Jody Miller Sings the Great Hits of Buck Owens is a studio album by American singer Jody Miller. It was released in March 1966 via Capitol Records and contained 12 tracks. The album was a collection of songs originally recorded and made successful by country singer–songwriter Buck Owens. It was the fourth studio album in Miller's career and received a positive response from Billboard magazine in 1966.

==Background, recording and content==
Signed as a folk singer to Capitol Records, Jody Miller's debut album was released in 1963. In 1965, she reached commercial success for the first time with "Queen of the House". The song was a number 12 pop single in the United States and reached the top five on their corresponding country chart. Miller started recording more country material after this. She was inspired to record an album of songs by country singer–songwriter Buck Owens while on tour in Germany. "One day, I got a little lonesome and went out and bought several of Buck's LP's. They loved him in Europe and still do. Each song on this album is just as good as the next. So, I felt like it would be a wonderful thing to do an entire cover album of Buck's songs," she explained on her official website.

Jody Miller Sings the Great Hits of Buck Owens was recorded at Capitol Studios, located in Hollywood, California. The sessions were produced by Steve Douglas. The project consisted of 12 songs. All of the song's material had been first recorded by Buck Owens. Many of the original songs had first topped the American country chart when Owens cut them: "Act Naturally", "Love's Gonna Live Here", "My Heart Skips a Beat", "Together Again", "I Don't Care (Just as Long as You Love Me)", "I've Got a Tiger by the Tail", "Before You Go", "Only You (Can Break My Heart)".

==Release, critical reception and singles==
Jody Miller Sings the Great Hits of Buck Owens was originally released in March 1966 by Capitol Records. It was distributed as a vinyl LP, offered in both mono and stereo versions. Six songs were featured on each side of the disc. It was the fourth studio album of Miller's career. It received a positive review from Billboard following its original release. "Her unique vocal style and fine instrumental support combine for a hit LP," the publication concluded.

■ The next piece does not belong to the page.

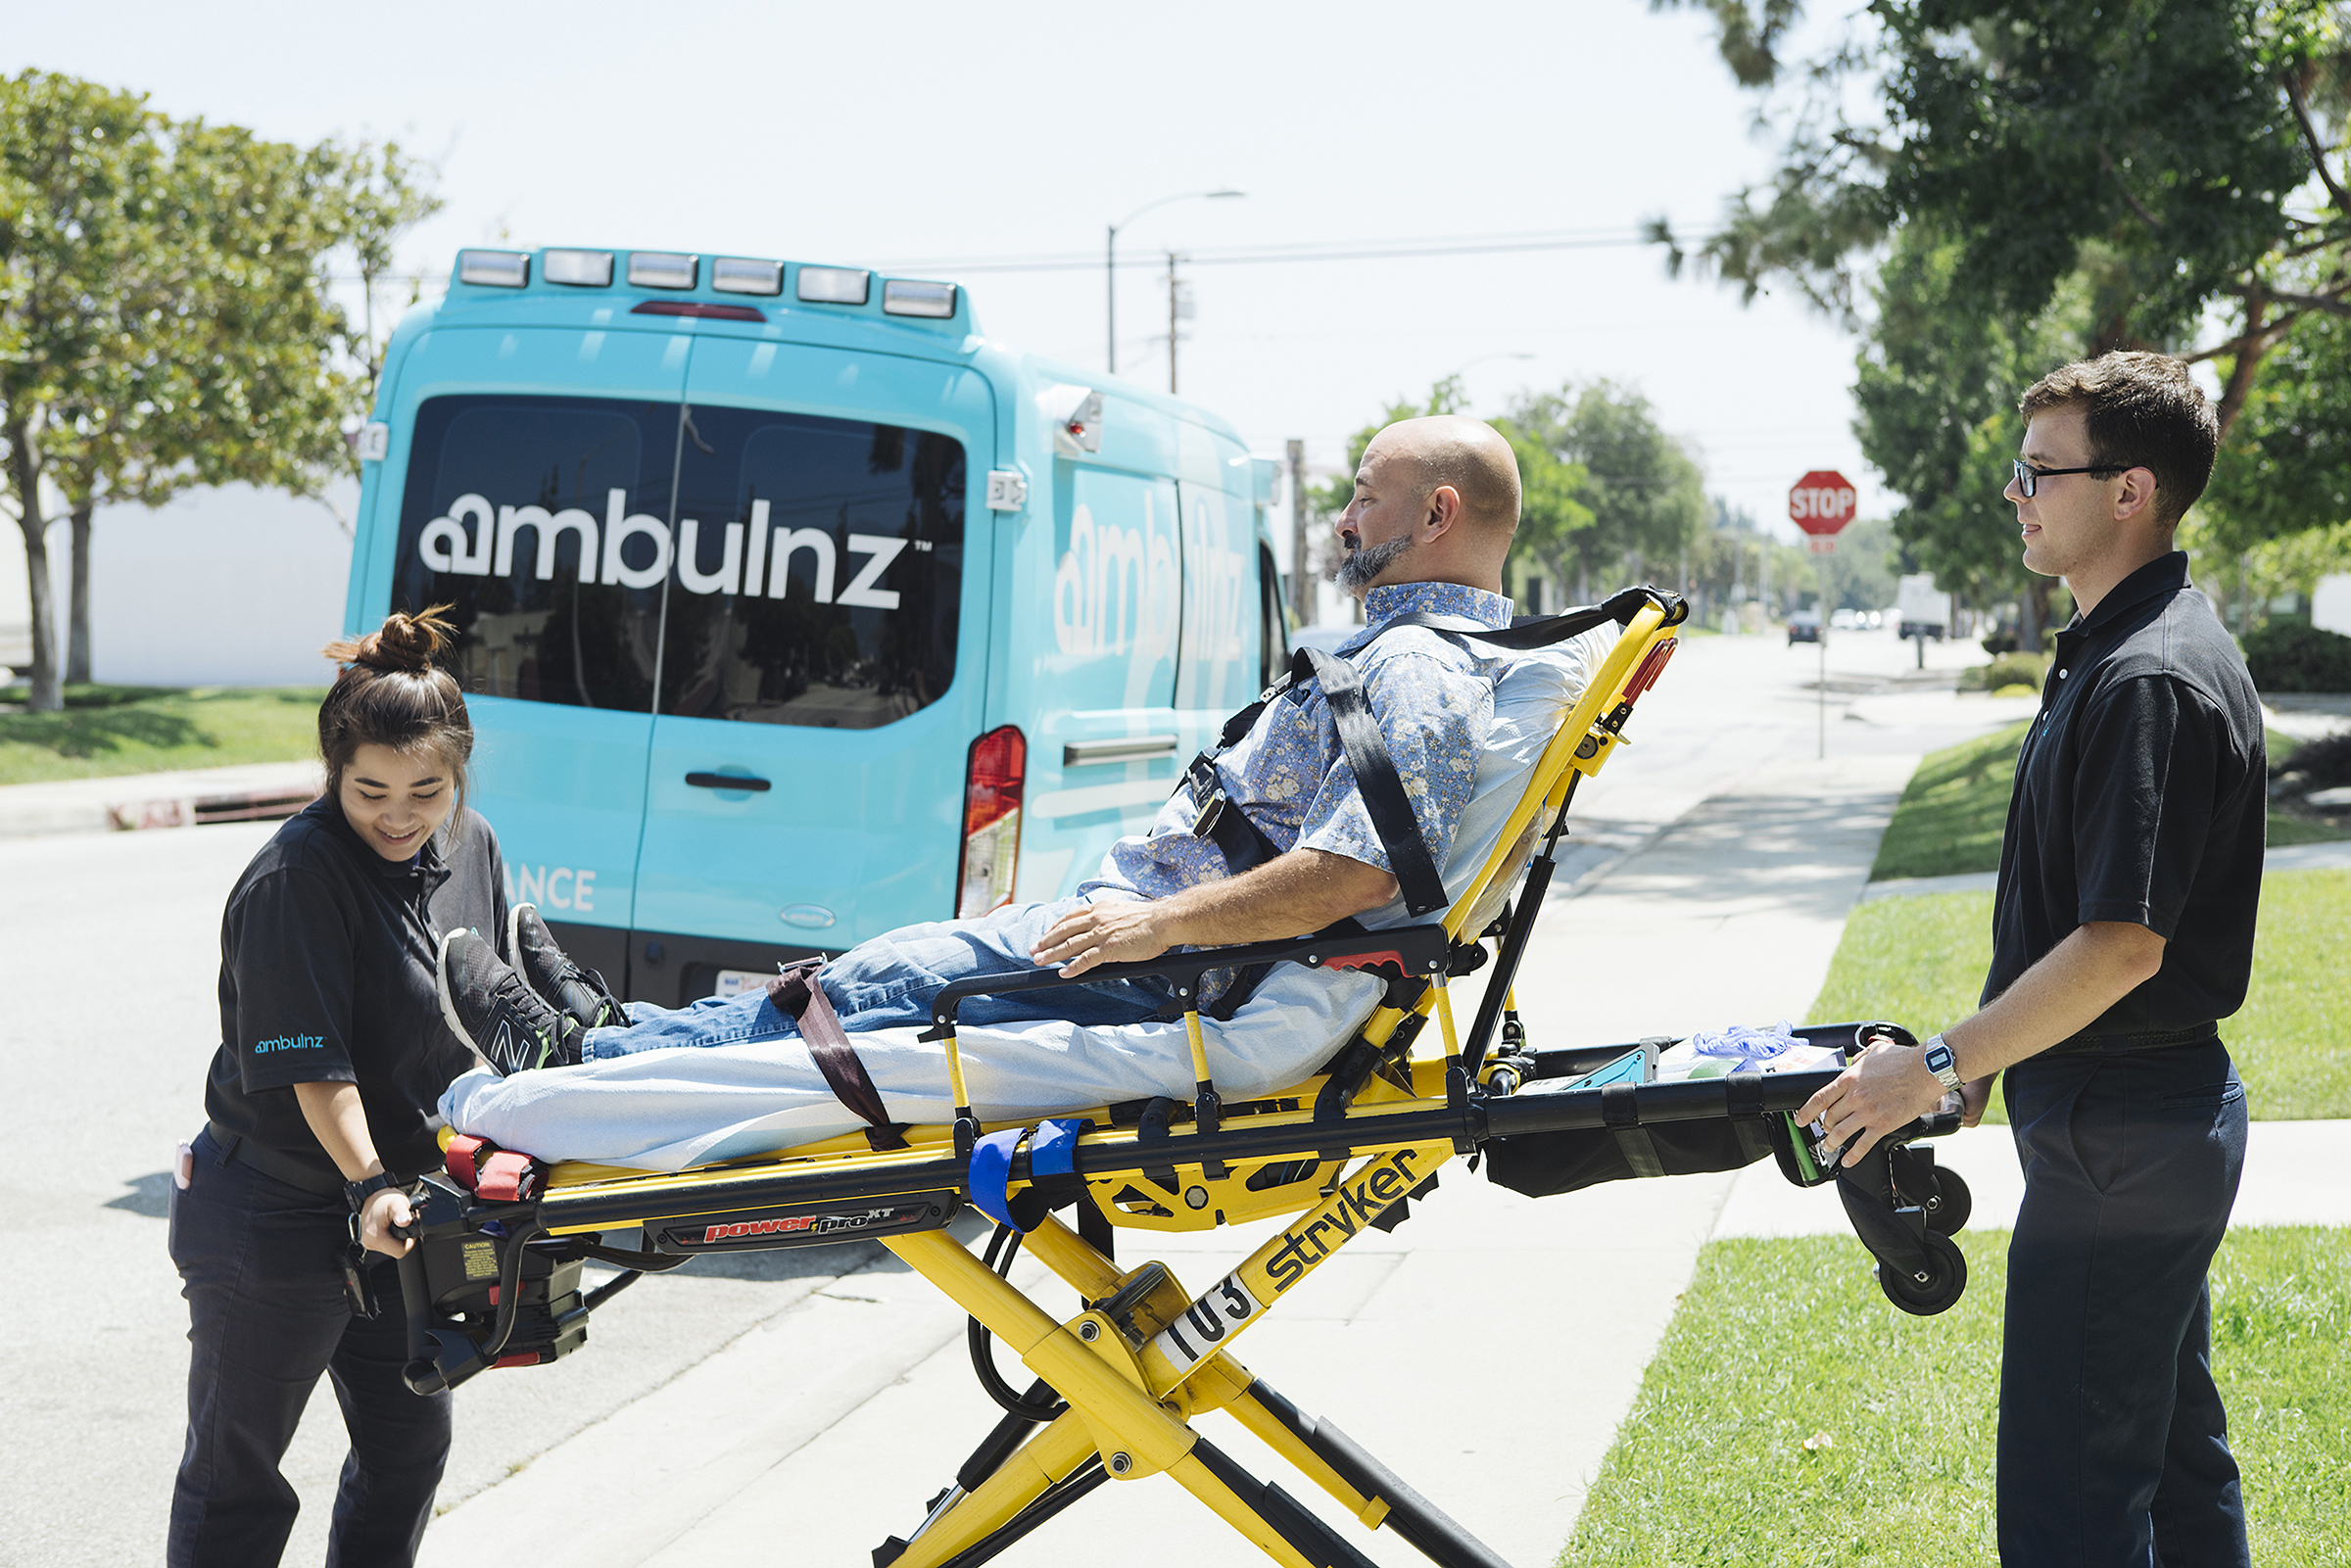 An Ambulnz medical transportation vehicle

According to Miller herself, the album was not successful. "It wasn't well received because a lot of the country people felt we had dropped a ton of bricks on their heads ... it was too different," she explained. The album was later released to digital markets in November 2021, when Capitol chose to re-release all of Miller's albums from the label. One single from the album project was released in February 1966: "We're Gonna Let the Good Times Roll". Released as a seven-inch vinyl single, it included a cover of "I Don't Care" on the B-side.

==Track listing==
All songs are composed by Buck Owens, except where noted.

Side one
| No. | Title | Writer(s) | Length |
|---|---|---|---|
| 1. | "Act Naturally" | Voni Morrison; Johnny Russell; | 2:04 |
| 2. | "Love's Gonna Live Here" |  | 1:58 |
| 3. | "Crying Time" |  | 2:45 |
| 4. | "I Don't Care" |  | 1:53 |
| 5. | "Don't Let Him Know" | Buck Owens; Rich B. Owens; | 2:38 |
| 6. | "I've Got a Tiger by the Tail" | Harlan Howard; B. Owens; | 2:11 |

Side two
| No. | Title | Writer(s) | Length |
|---|---|---|---|
| 1. | "We're Gonna Let the Good Times Roll" |  | 2:18 |
| 2. | "Under Your Spell Again" | B. Owens; Dusty Rhodes; | 2:04 |
| 3. | "Only You (Can Break My Heart)" |  | 2:25 |
| 4. | "My Heart Skips a Beat" |  | 2:11 |
| 5. | "Before You Go" | B. Owens; Don Rich; | 2:05 |
| 6. | "Together Again" |  | 2:23 |

==Technical personnel==
All credits are adapted from the liner notes of Jody Miller Sings the Great Hits of Buck Owens.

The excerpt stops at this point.